Car, pour Coste (chez Castellotti & Chalabi (Dir.), 2006, p.19), la contextualisation est bien « un processus d’ajustement de principes, de

démarches, de contenu d’enseignement ou d’exercices à des réalités locales, culturelles, institutionnelles et pédagogiques. » Mais selon lui, le cœur de la

méthode d’origine est rarement remis en cause et beaucoup des opérations de contextualisation le sont en surface. Généralement, on adapte le modèle après coup ; le contexte est donc pris en compte dans un deuxième temps.

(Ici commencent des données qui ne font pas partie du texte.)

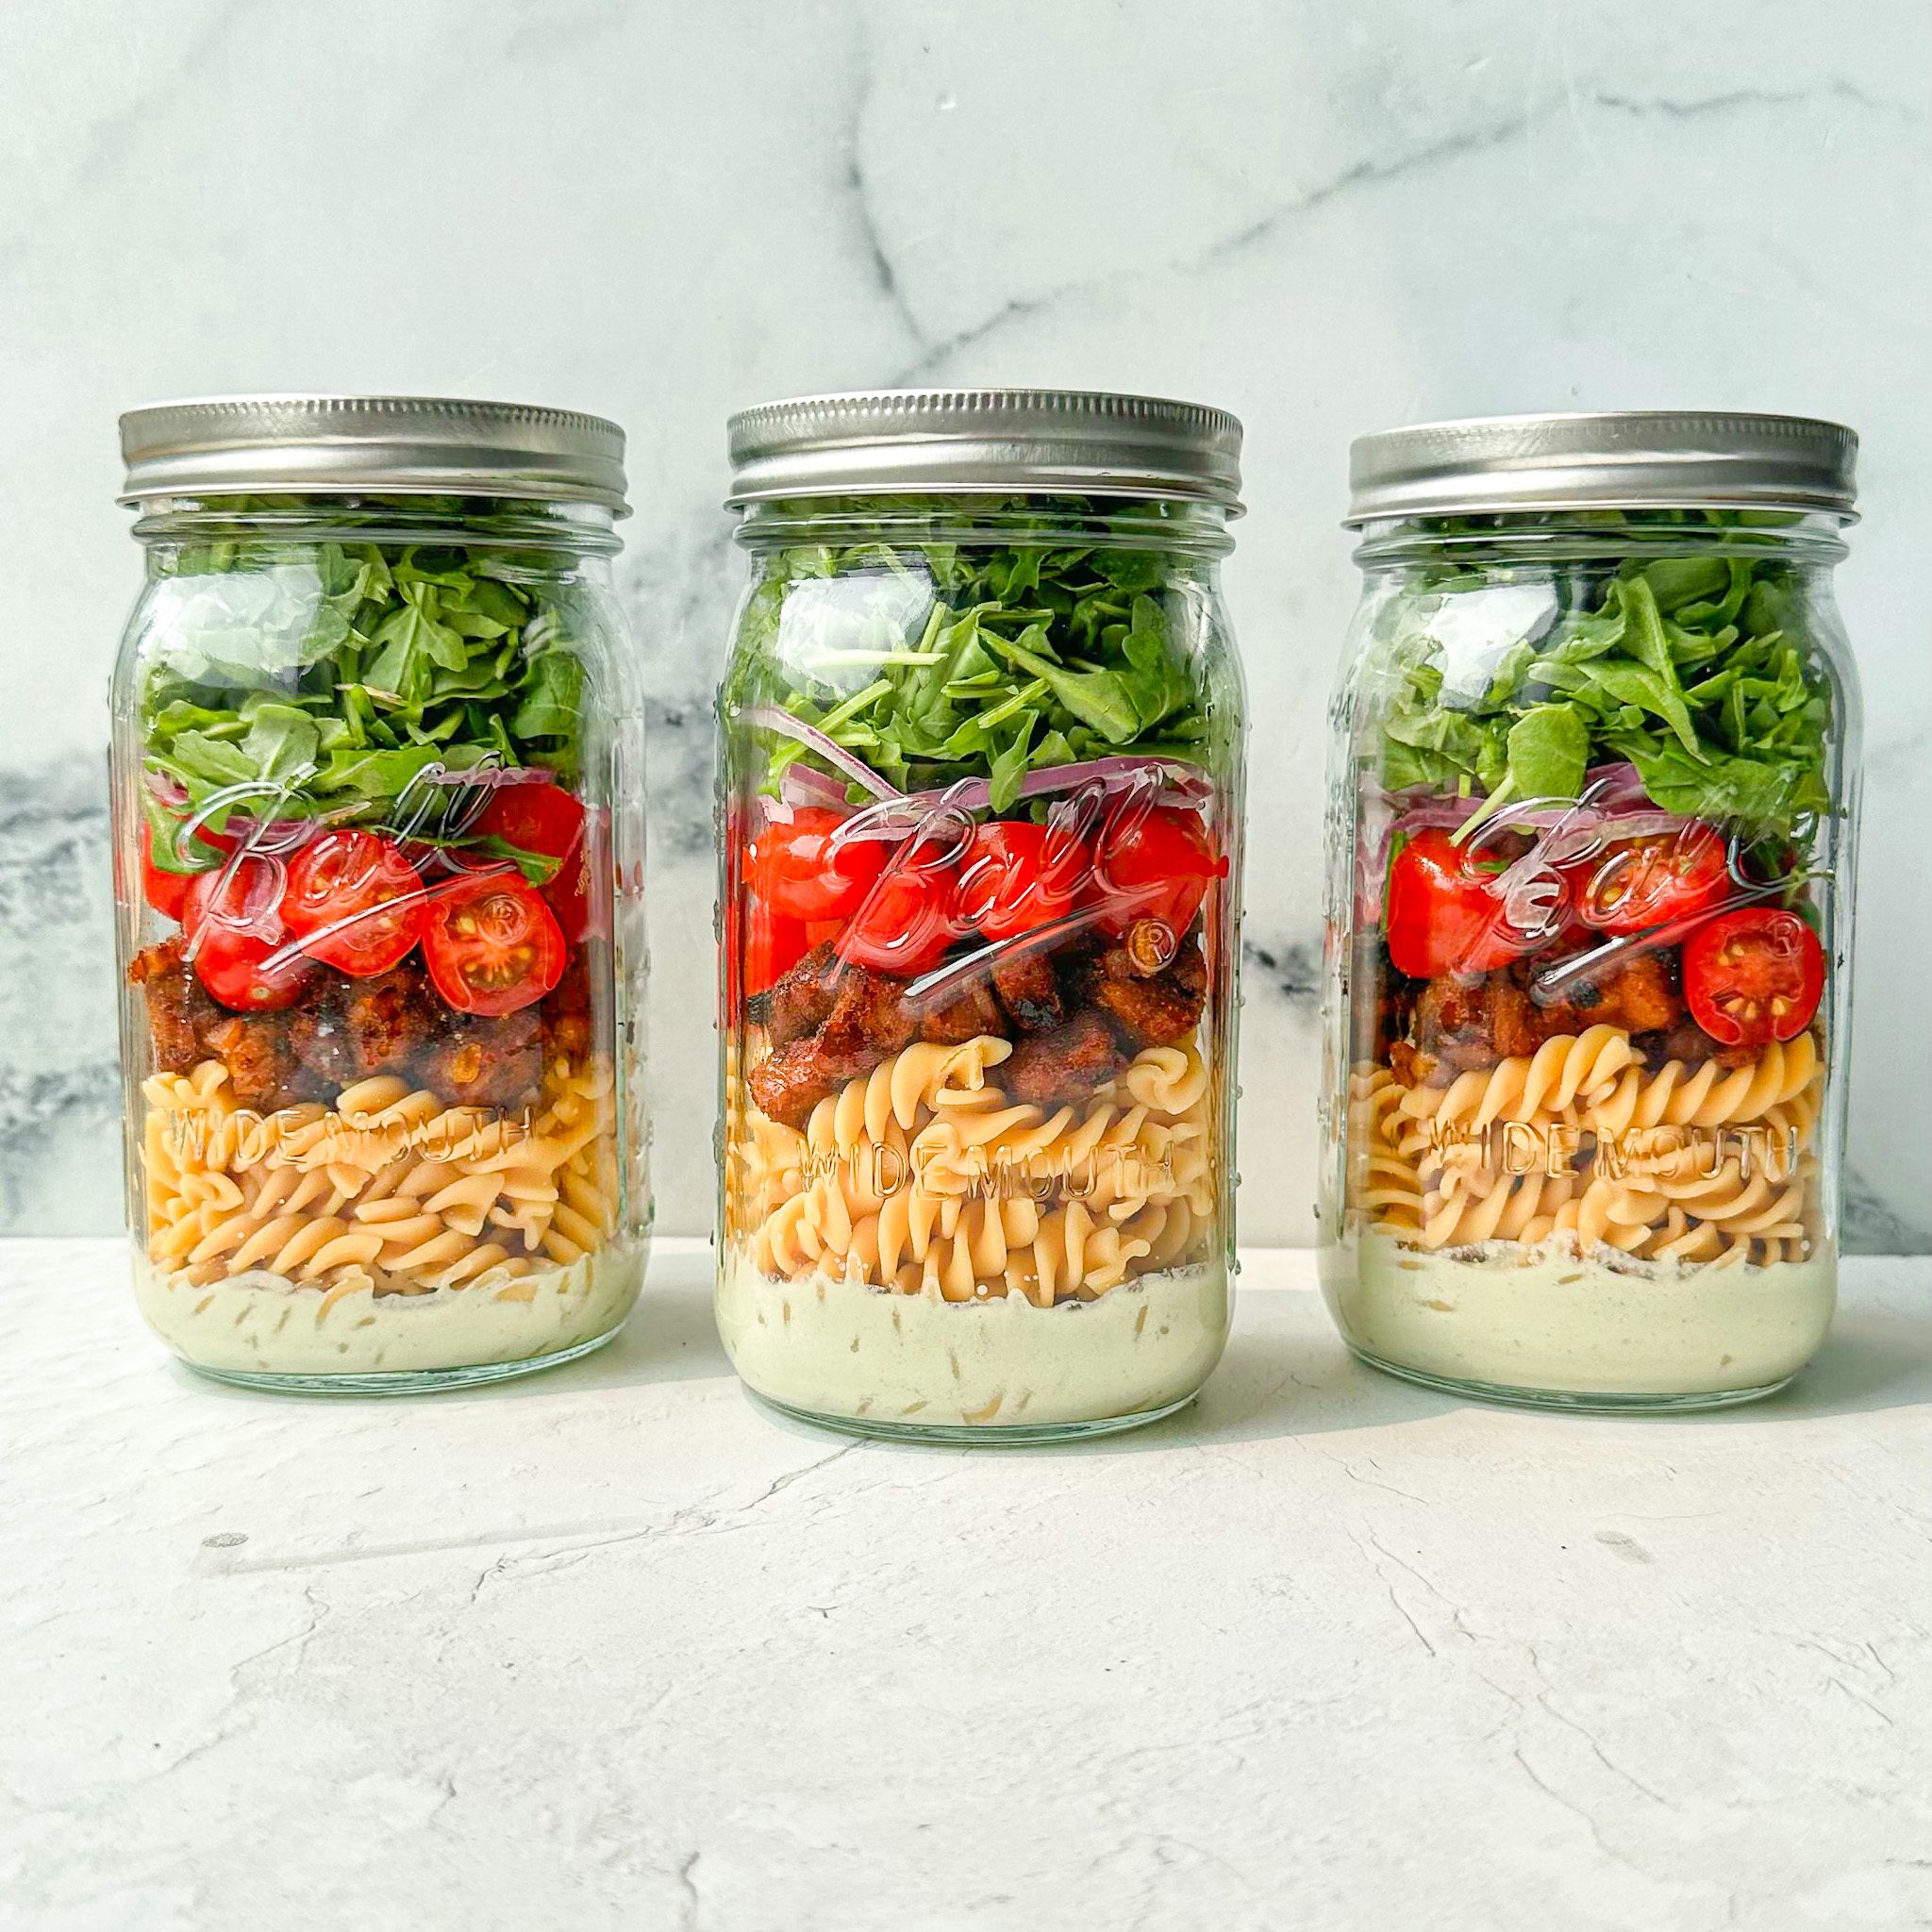 BLT Pasta Salad Jars - That Vegan Babe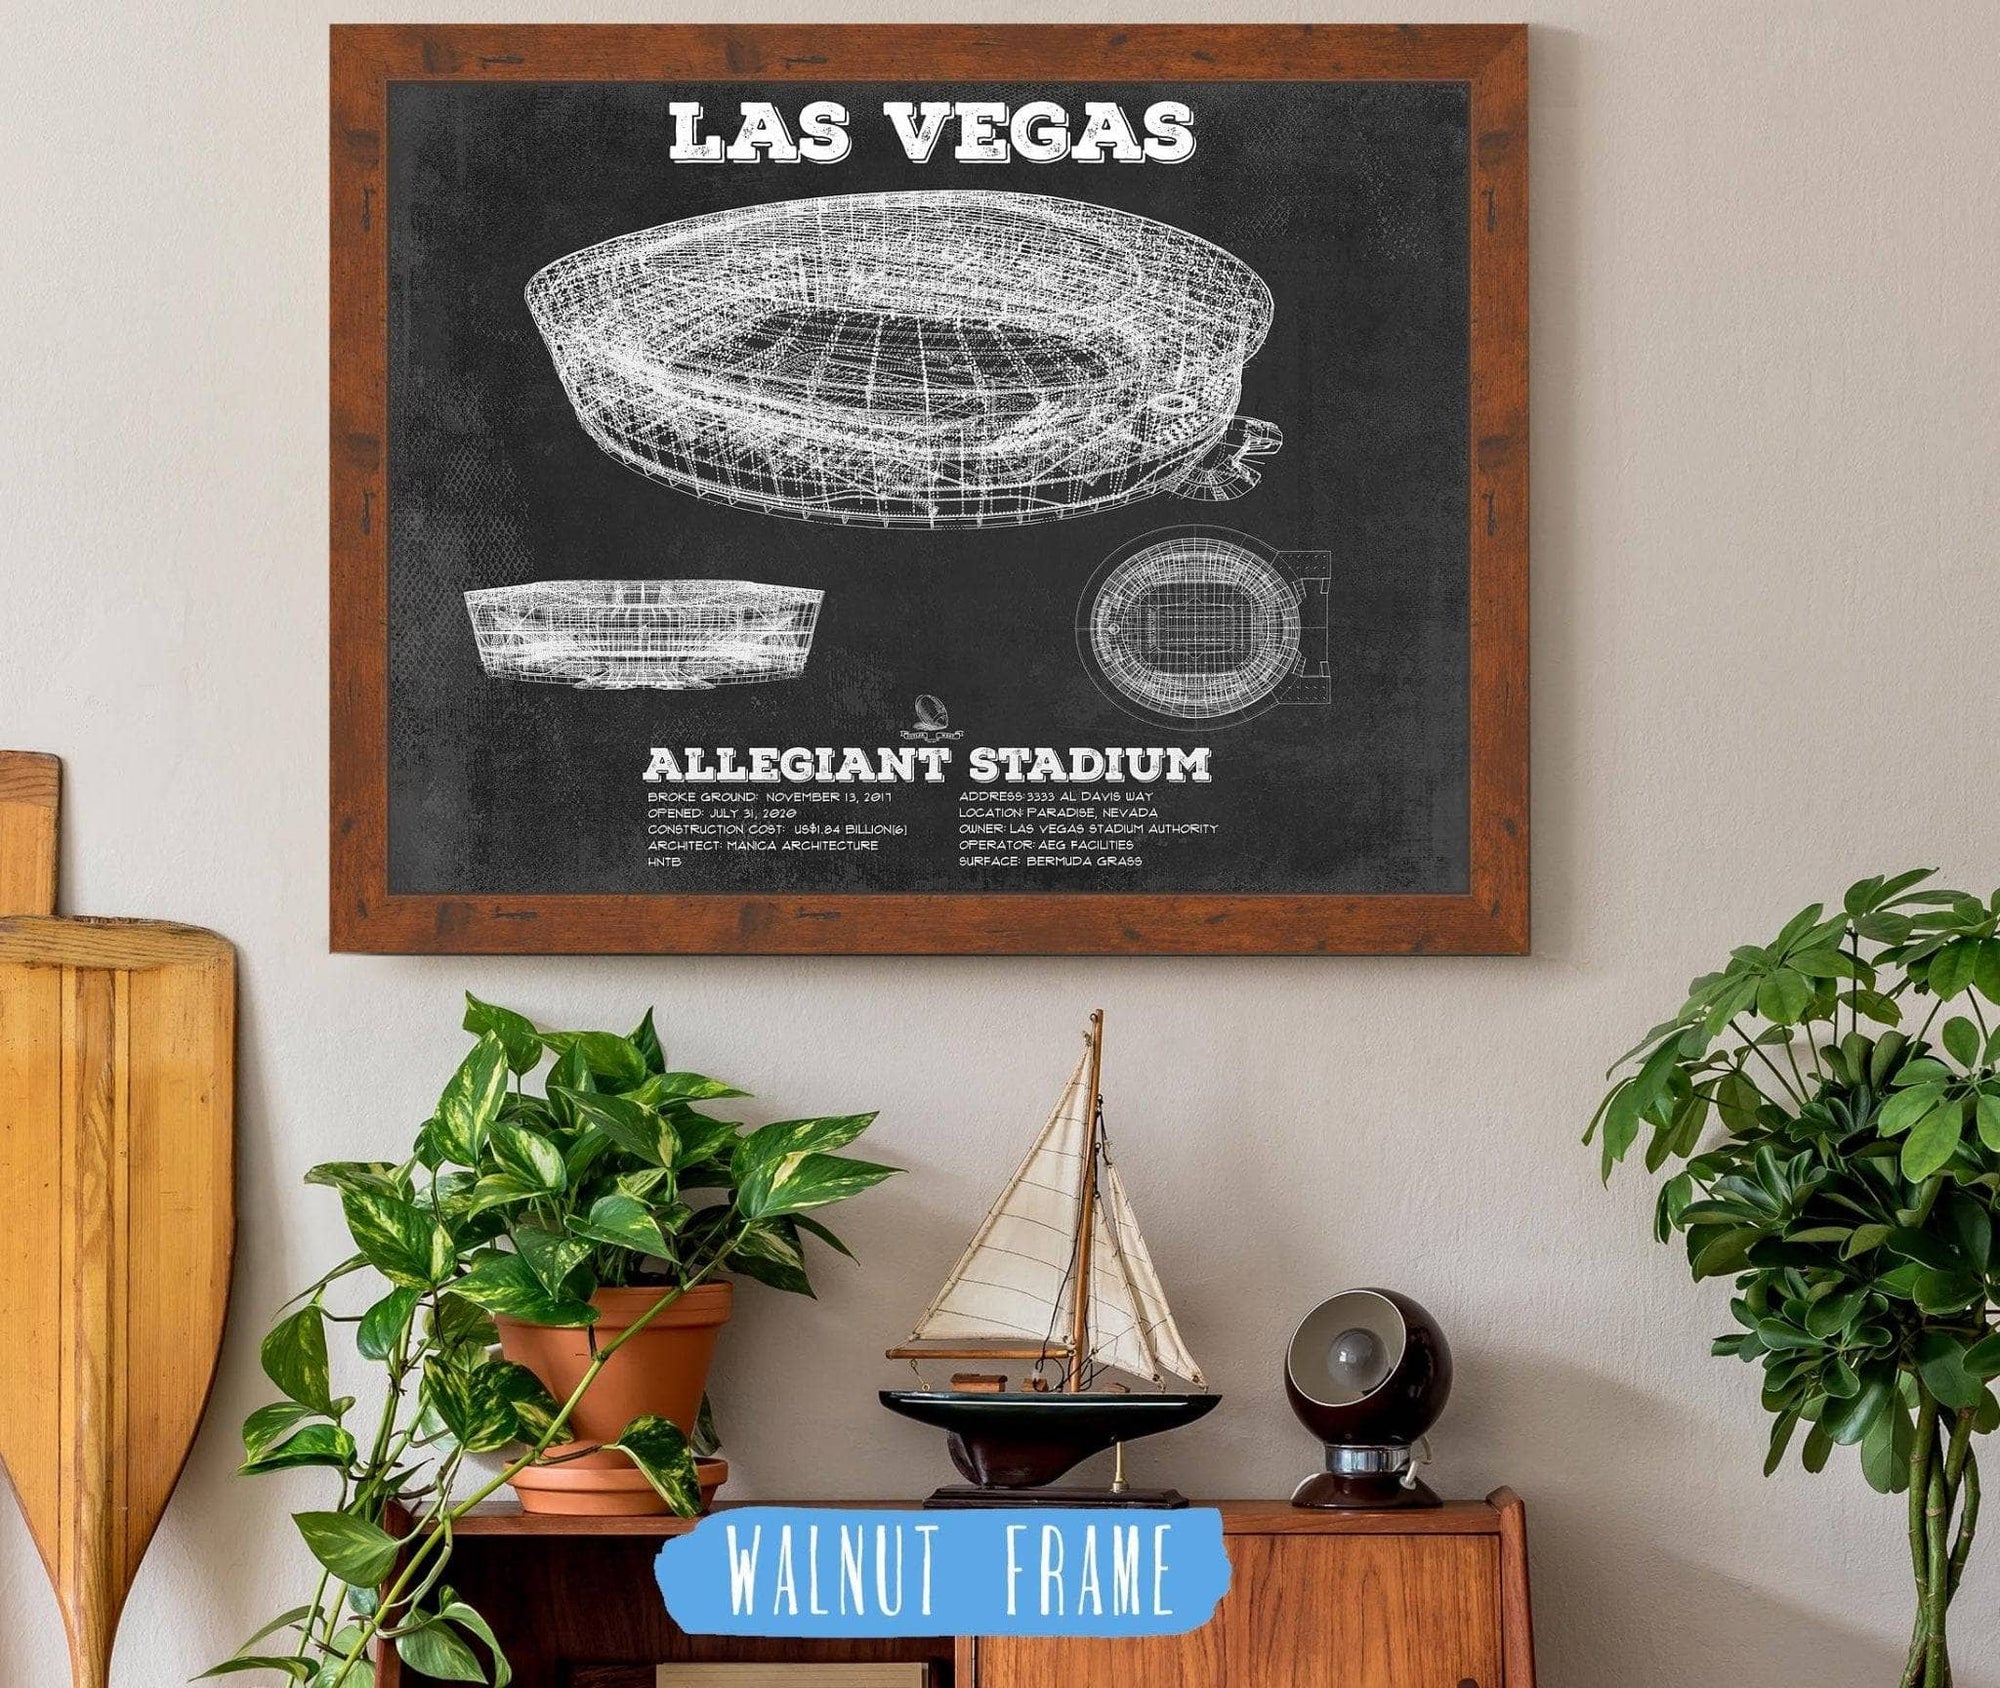 Cutler West Pro Football Collection 14" x 11" / Walnut Frame Las Vegas Raiders Allegiant Stadium Vintage Football Print 845000118-TOP

Pourtant, pour Auger (chez Castellotti & Chalabi (Dir.), 2006, p.111), tout enseignement est spécifique et devrait être analysé dans le plus grand détail possible. Il faudrait tenir compte des adéquations entre contextes, pratiques de classe, formation des enseignants et élaboration des programmes. Dans cette analyse, il faudrait également ne pas oublier la relation entre l’offre et la demande, même dans un contexte d'enseignement/apprentissage où, après tout, l'étudiant vient se procurer des connaissances, des compétences, une qualification.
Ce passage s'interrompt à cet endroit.